Traumatic brain injury (TBI) is one of the leading causes of death and disability worldwide, contributing to 235,000 hospitalizations and 50,000 deaths each year in the US alone. The lack of effective treatment strategies motivates research into not only new treatments but also into the mechanics of the injury to better prevent, diagnosis, and understand the mechanical events that lead to TBI. The aims of this thesis are: (1) to advance the understanding of brain injury biomechanics by quantifying the influence of age, anatomic region, and species on the mechanical properties of brain tissue, (2) to determine the relationship between tissue deformation and subsequent cell death for living brain tissue, and (3) to develop new theories and potential treatments for edema, one of the most detrimental clinical consequences of TBI.

Brain is a morphologically and mechanically heterogeneous organ. Rat models of TBI are common, however little is known about the mechanical properties of rat brain. An atomic force microscope (AFM) was used to measure region-dependent mechanical properties of the rat brain at different ages. The nonlinear apparent elastic modulus was significantly different across anatomic regions and increased significantly with age. The distribution of mechanical properties in the adult rat hippocampus was consistent with histological distributions of damage following experimental injury reported in the literature, suggesting that mechanical heterogeneity influences injury causation. Since brain is a viscoelastic material, the relaxation behavior of anatomic regions was determined with a custom-designed microindentation device. The time-dependent shear modulus ranged from approximately 1 kPa for short term moduli (G_100ms) to approximately 0.4 kPa for long term moduli. White matter and regions of the cerebellum were much more compliant than those of the hippocampus, cortex, and thalamus in the rat brain. Viscoelastic properties were also determined for porcine brain, a commonly used surrogate for human brain. The time-dependent shear modulus ranged from approximately 0.8 kPa for short term moduli (G/oms) to approximately 0.2 kPa for long term moduli. The statistical similarity of reduced relaxation functions for 10, 20, and 30% indentation strains suggested that quasilinear viscoelastic models are appropriate to describe large deformation behavior of porcine brain. In the frequency domain, oscillatory tests were performed with the AFM at frequencies ranging from 5-400 Hz from which frequency and depth-dependent storage and loss shear modulus was calculated. These data will be useful for understanding the biomechanics of TBI at a finer spatial resolution than previously possible.

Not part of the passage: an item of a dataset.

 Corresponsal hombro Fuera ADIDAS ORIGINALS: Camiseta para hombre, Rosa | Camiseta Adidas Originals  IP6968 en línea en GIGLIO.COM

Knowledge of brain tissue mechanical properties can help predict brain deformations during injury; however, predicting the biological consequences of induced brain deformation requires tolerance criteria. Using a well characterized in vitro model of stretch injury, a tolerance criterion for the cortex was developed. Compared to the hippocampus, the cortex was less vulnerable to stretch-induced injury, with strains below 20% inducing little cell death. Strain rate was also a significant factor affecting cortical cell death but not hippocampal cell death. We conclude that different regions of the brain respond differently to identical mechanical stimuli, and this difference must be taken into account when interpreting the region-specific outcomes in response to TBI-induced deformation.

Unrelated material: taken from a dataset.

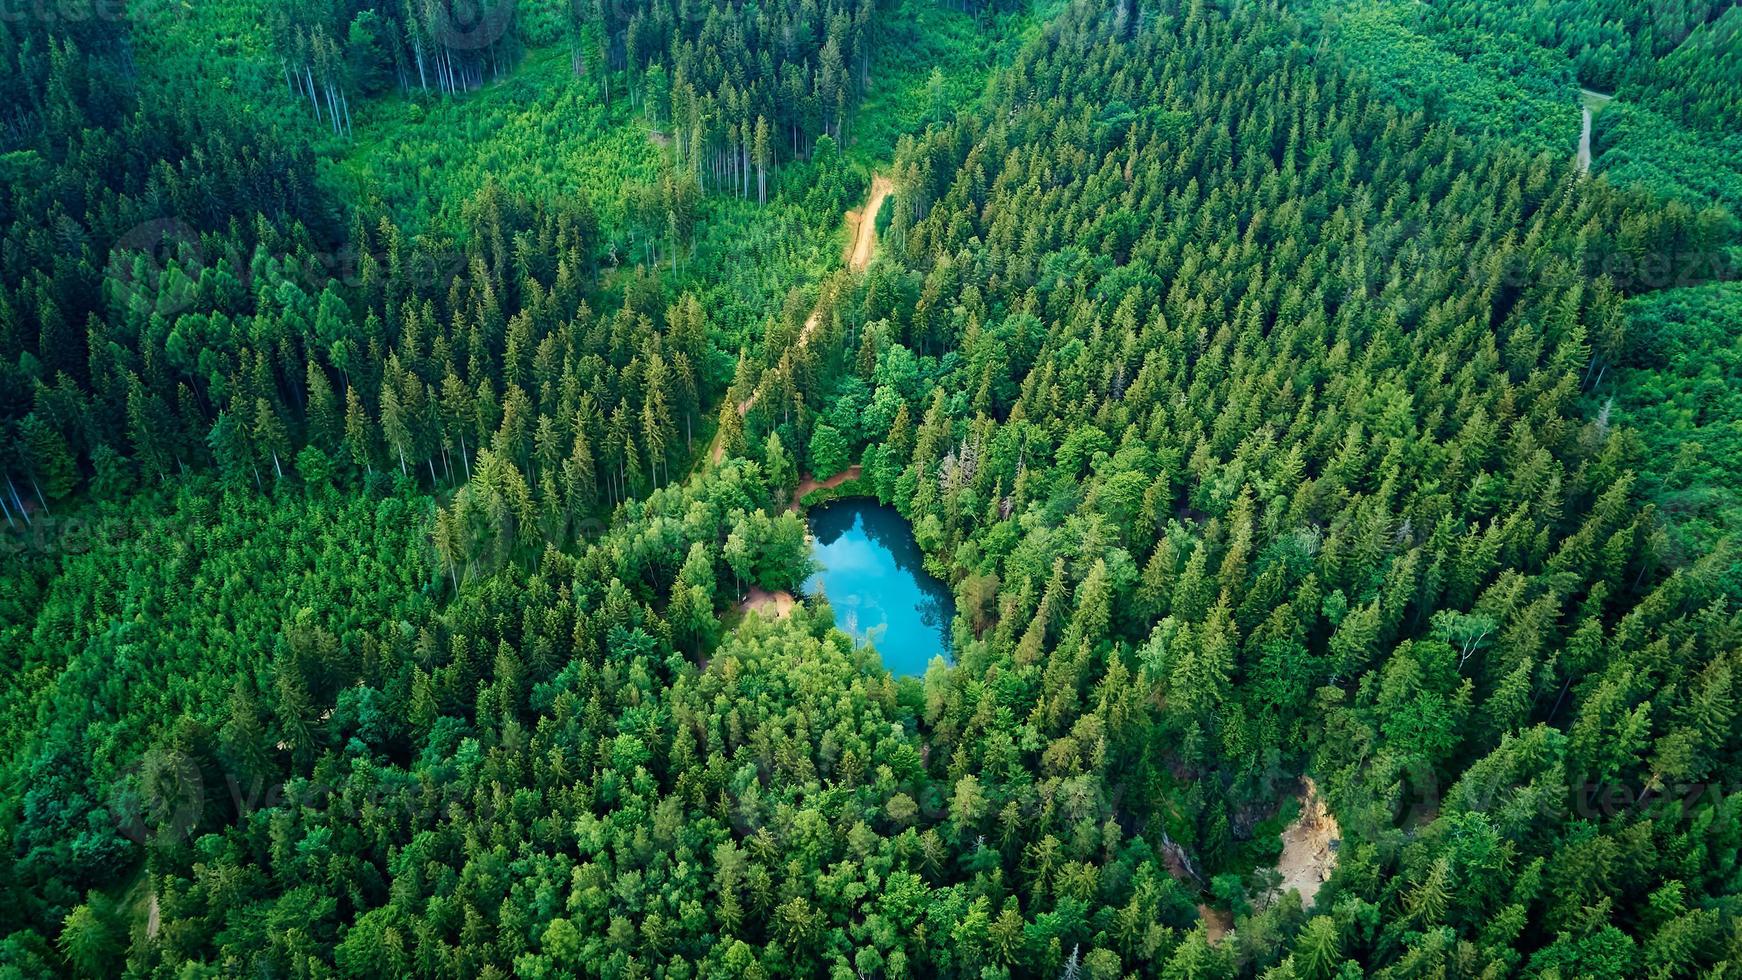 Antenne Aussicht von Blau farbig Wald See im Polen foto

Following injury, cerebral edema or brain tissue swelling is a significant complication which can increase intracranial pressure (ICP) and cause cerebral ischemia. We have identified the fixed charge density (FCD) within cells as a potential driver of edema. When these negatively charged molecules, which are fixed within cells, were exposed, the brain tissue swelled according to the Donnan effect. Swelling behavior was well-described by triphasic mixture theory, predicting a reference-state FCD very similar to that measured experimentally. Reducing this FCD experimentally by approximately 20% reduced swelling by approximately 50%. Chondroitinase ABC was most effective at reducing brain tissue swelling suggesting that it may be a novel treatment for reducing brain edema and controlling ICP following injury.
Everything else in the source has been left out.